Magnolia Village-to-Park Gateway project has entered its final design phase; public meeting has been set

Community members are invited to the final public design meeting on Tuesday, April 29, at 7 p.m. at the Magnolia Community Center, 2550 34th Ave. W. The meeting will be presented by the Village Beautification Committee, a group of Magnolians managing the Magnolia Village-to-Park Gateway Project.
Currently, people move between the playfield and adjoining Magnolia Village via a narrow opening in the chainlink fence that runs along the south end of the playfield. The plan to create a real and inviting entrance to the playfield - where the Magnolia Community Center, Catharine Blaine School and Pop Mounger Pool are also located - is one element in a larger plan, organized by a group from the Magnolia Chamber of Commerce. The group is seeking to make the Village more pedestrian-friendly and appealing.
At the April 29 meeting, community members can learn the status of design plans and give their input, according to Kitty Harmon, who chairs the Village Beautification Committee. Several topics will be covered, including some that were raised at the March 4 public meeting.
To create the gateway, a portion of the chainlink fence edging the playfield on West Smith Street where it intersects with 33rd Avenue West will come down.
"The fencing will be removed from the southwest corner of the tennis courts heading east along Smith to the east side of the intersection with 33rd," Harmon said.
In place of the chainlink, a gateway will be created with metalwork and landscaping. A plan for the landscaping - to include plants that grow waist to chest high to provide a safety buffer between the baseball diamond and the street - will be presented at the April 29 meeting.
"We are doing everything with landscaping to keep a barrier that you notice," Harmon said.
The idea is to have an inviting entrance while discouraging youngsters in the playfield from running out onto West Smith Street. Harmon noted that the basic design for the new gateway presented at the March 4 meeting has been changed for safety reasons. The original concept proposed two entryways corresponding with two crosswalks to the other side of West Smith Street at 33rd Avenue West.
"Now there is only one egress point at the intersection. We are hoping that will make it more clear to a kid who is going to chase a ball into the street that the child is going through an obvious portal. Parents may have to instruct their children not to chase balls out into the street, which they shouldn't be doing anyway."
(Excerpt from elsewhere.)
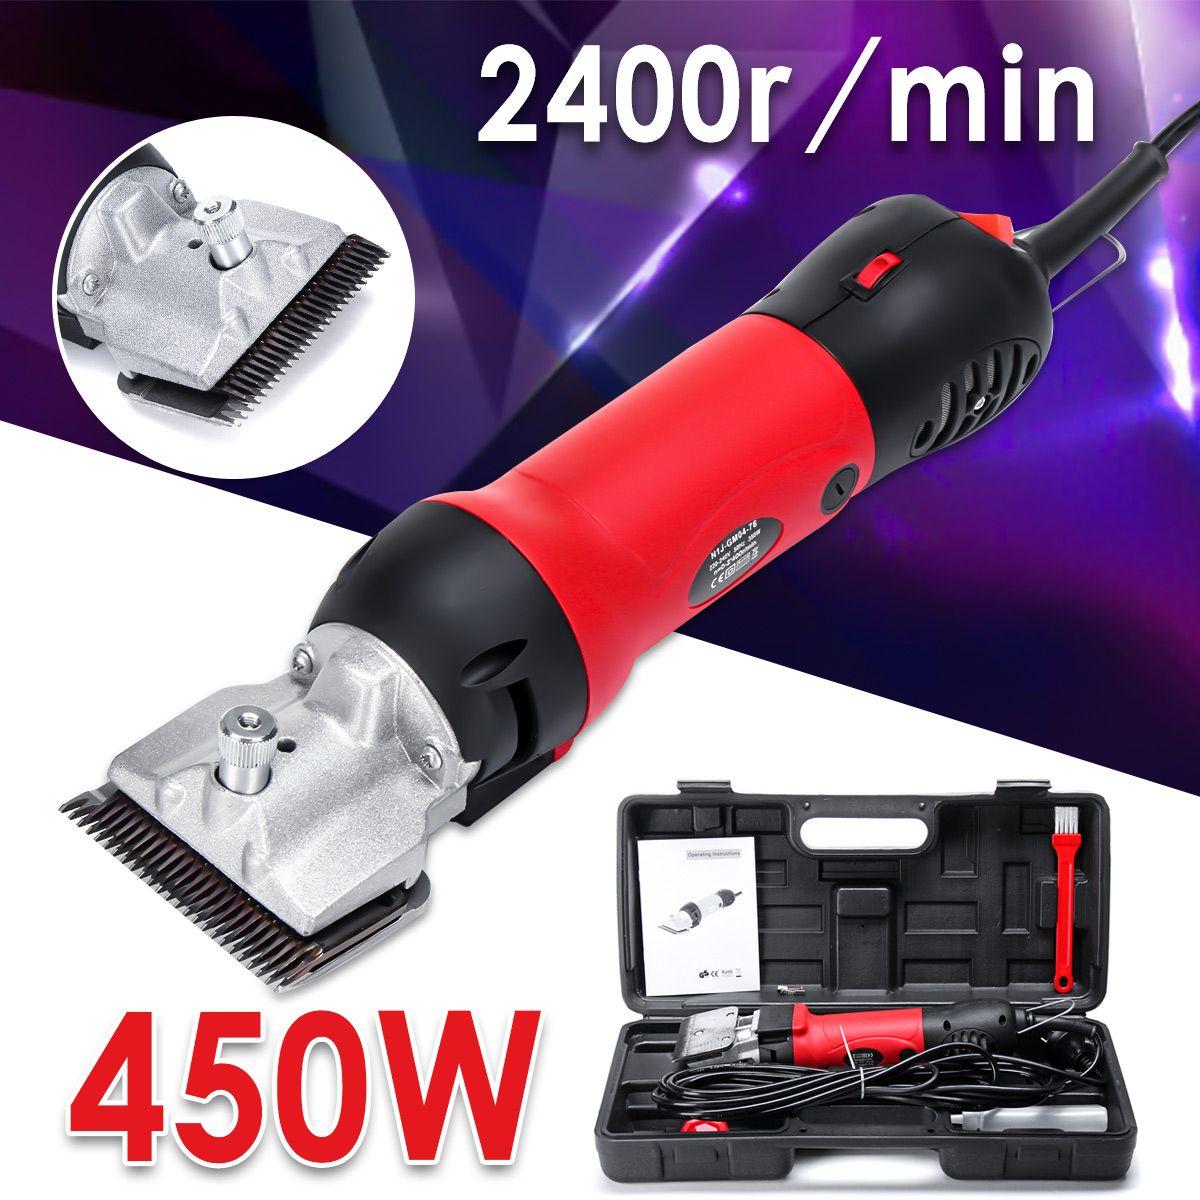 110-240V 450W 2400r/min Professional Electric Animal Horse Camel Dog Shear Clipper Pet Hair Trimmer Hair Shaver Shearing Machine

The final design for the gateway's metalwork, to be created by Jean Whitesavage and Nick Lyle, of Whitesavage & Lyle, Inc., will be revealed. Community members can also evaluate choices for the color of the metalwork.
Harmon said that, after plenty of discussion, Metro Transit has agreed to split the bus layover zone that can block foot pedestrians crossing West Smith Street to the playfield.
"They will split the bus layover zone. Metro has agreed that a portion will go east and a portion will go west on Smith, at least for now."
Harmon noted that a path from the playfield entrance to the playground is now being explored as part of the gateway project.
"Another concern that came up at the [March 4] meeting was something the committee had addressed early on. Once you have this beautiful gateway and walk in, what leads you further into the park."
Magnolian Jim Keller volunteered the services of Site Workshop, the landscape architecture firm where Keller works, to design the path, according to Harmon. The goal is to find an easier way to get from the new playfield entrance to the playground than climbing up the steep berm on a dirt path, which poses a particular problem for mothers pushing babies in strollers.
The gateway improvements will extend beyond the playfield entrance. Harmon said that in the block of 33rd Avenue West immediately south of the playfield, the wall of the building that houses the Magnolia Tree will be enlivened by planting vines and installing ironwork.
The committee is also working with James Paul Jones, the developer of the Bellagio project across West Smith Street from the playfield, on street improvements at that location, according to Harmon.
Schoolchildren were asked for their ideas of themes they wanted to see explored in the new gateway project.
"It was more a way to get kids thinking about the concept of a gateway rather than directing the artists on what should be in the gateway," Harmon said.
The children's ideas - more than 50 submissions - will be displayed at Starbucks. All of the youngsters will be invited to an open-forge session with the metal artists while the gateway is being created.
"It will be fun to have the kids hammer some of the metal that goes into the gateway," Harmon said.
To fund the gateway, the committee is going after a large project grant from the city of Seattle Department of Neighborhoods. Part of the matching donations for that grant will be from people in the community who are in the construction business, Harmon said. The group will also apply for other grants, as well as seek contributions from individuals and businesses.